The latest report from the RIAA showed in 2013 assets managed responsibly in New Zealand increased by 20 percent to just over $27 billion, around 40 percent of total assets under management, much of that due to the Super Fund.

Orr said there were a number of global initiatives underway including inclusive capitalism which aims to extend economic benefits to more people through economic opportunity, long-term company management and values-led corporate culture.

The World Economic Forum has established a Long Term Investing Council while the Canada Pension Plan and management consultant, McKinsey, have been generating papers advancing practical ways to focus asset managers and companies on ways of making long-term investments. The OECD has also now become interested in long-term investing with more private sector money going into areas that have been traditional public sector assets such as infrastructure and the provision of social housing and healthcare.

Orr has just returned from last week's meeting of the International Forum of Sovereign Wealth Funds in Qatar which involves funds that collectively have over $6 trillion in assets under management. Several years ago the forum produced what is known as the Santiago Principles, a list of 24 principles on responsible investing.

"Others now hold the very strong belief we hold that ESG matters do materially affect long-term returns of companies and investments we've made," Orr said.

Stewardship has become a buzzword in the UK, Europe and Japan, he said, where asset owners are demanding good corporate governance from people running the companies they invest and to shift their horizon from a near-term basis and next week's share price. It can be difficult though to hardwire into the DNA of company managers who are rewarded for near-term behaviour, he said.

"Japan is leading the charge with the giant Government Pension Fund in Japan, the world's largest fund, actively demanding stewardship," he said.

One of the most value-destroying activities was bribery and corruption where some companies advance bulging envelopes to the local defence force or government officials, and beyond that labour protection and human rights issues in supply chains were also common problems, he said.

The NZ Superannuation Fund is required by law to have policies on ethical investing but Orr draws a line between long-term and responsible investing and ethical investing which he said is based around individual investor choices on things related to religion or sin stocks.

"That is not our mandate.
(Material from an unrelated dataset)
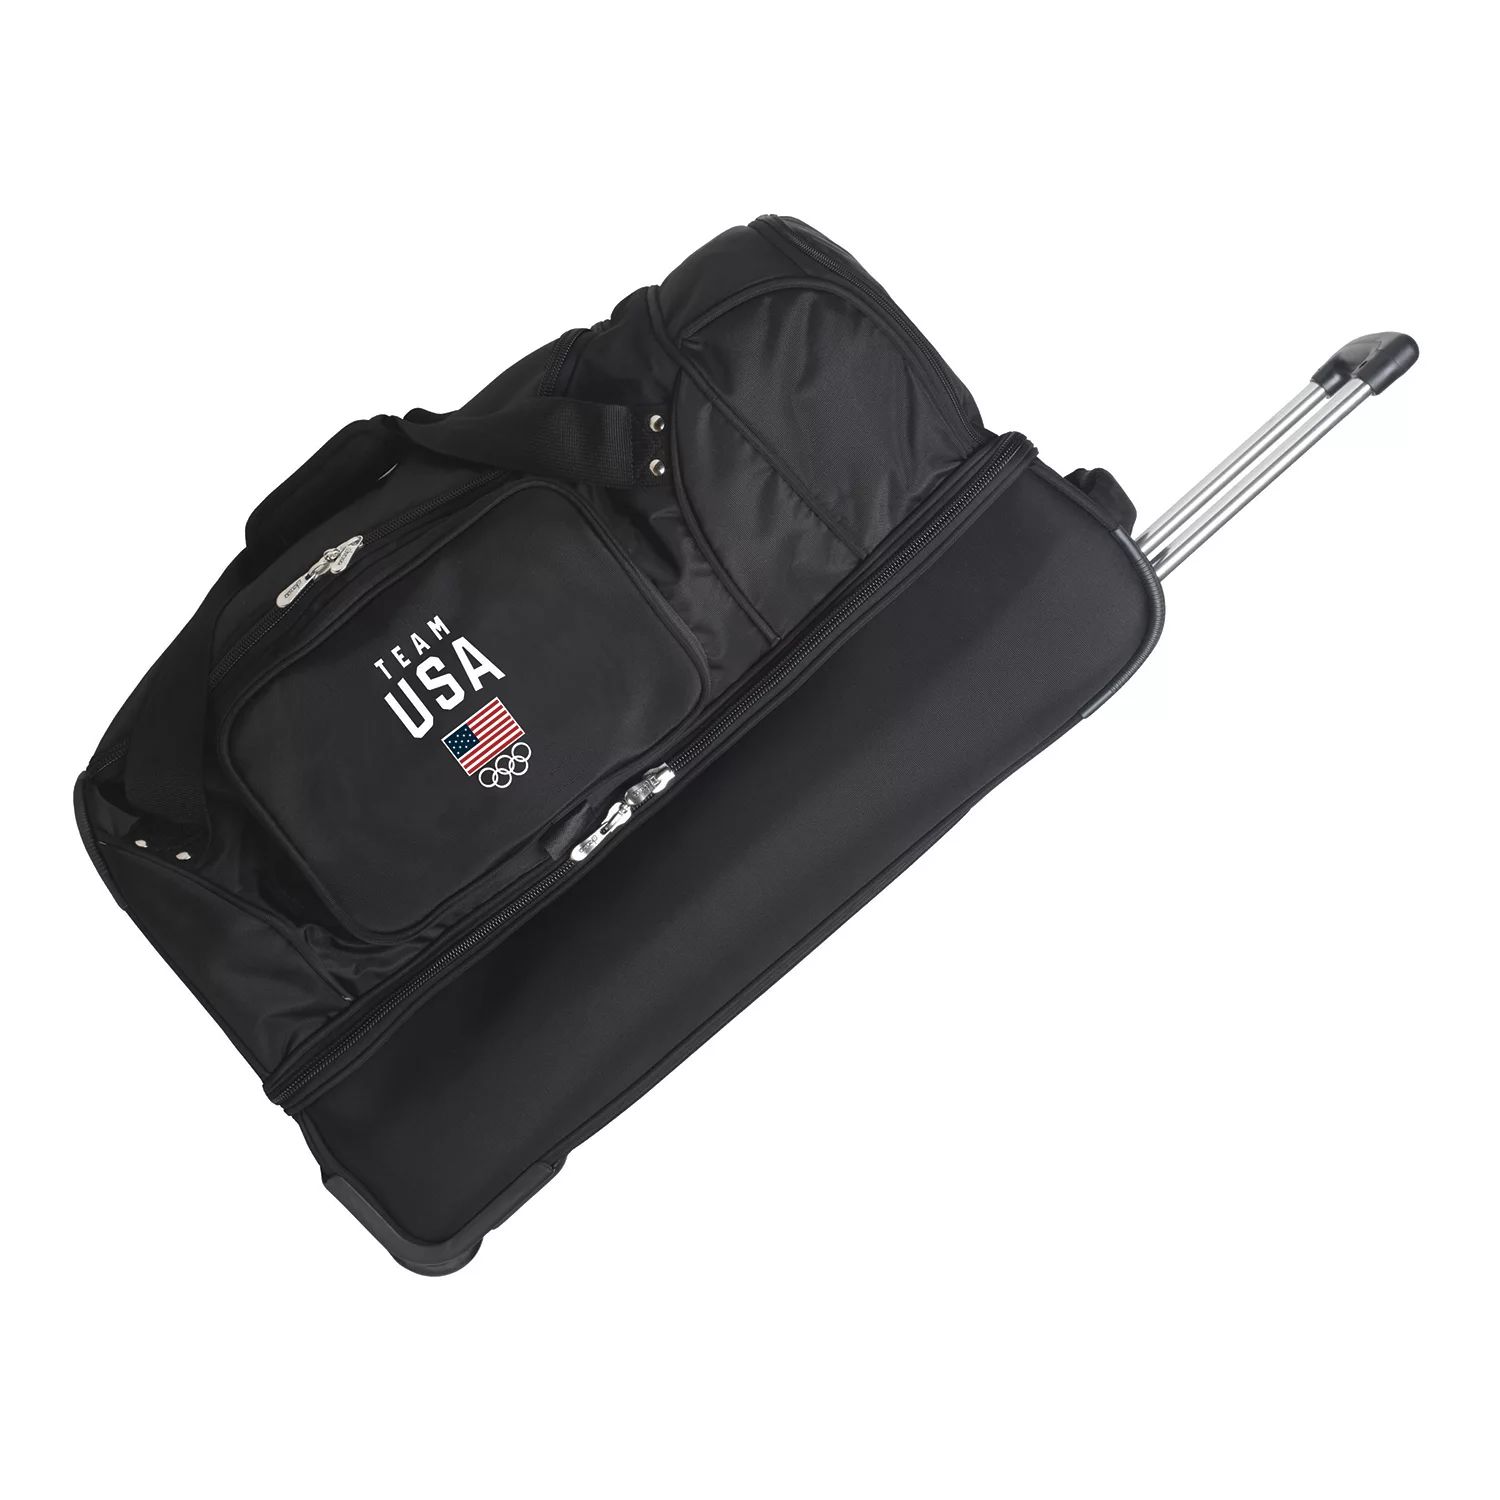 Спортивная сумка Denco с откидным дном, 27 дюймов, олимпийская сборная США Denco denco 4 way buffing block 2777 1 tool

Our mandate is to ensure we maximise returns without undue risk and the second part is to invest without prejudicing New Zealand's global reputation."

The fund has come under flak in the past for some investments it has made but Orr said the New Zealand fund is a world leader in trying to persuade companies into better behaviour rather than simply selling out when it uncovers issues that don't meet its ESG guidelines. It participated in 518 such engagements during 2013/2014 with a two-prong approach: integrating ESG risk into company valuations and using shareholder influence to encourage new policies and practices.

"I'm tired of being criticised on this. Is the KiwiSaver industry doing anything seriously on what I'm talking about? We've chosen to be open and transparent and thought leaders in this groundswell," Orr said.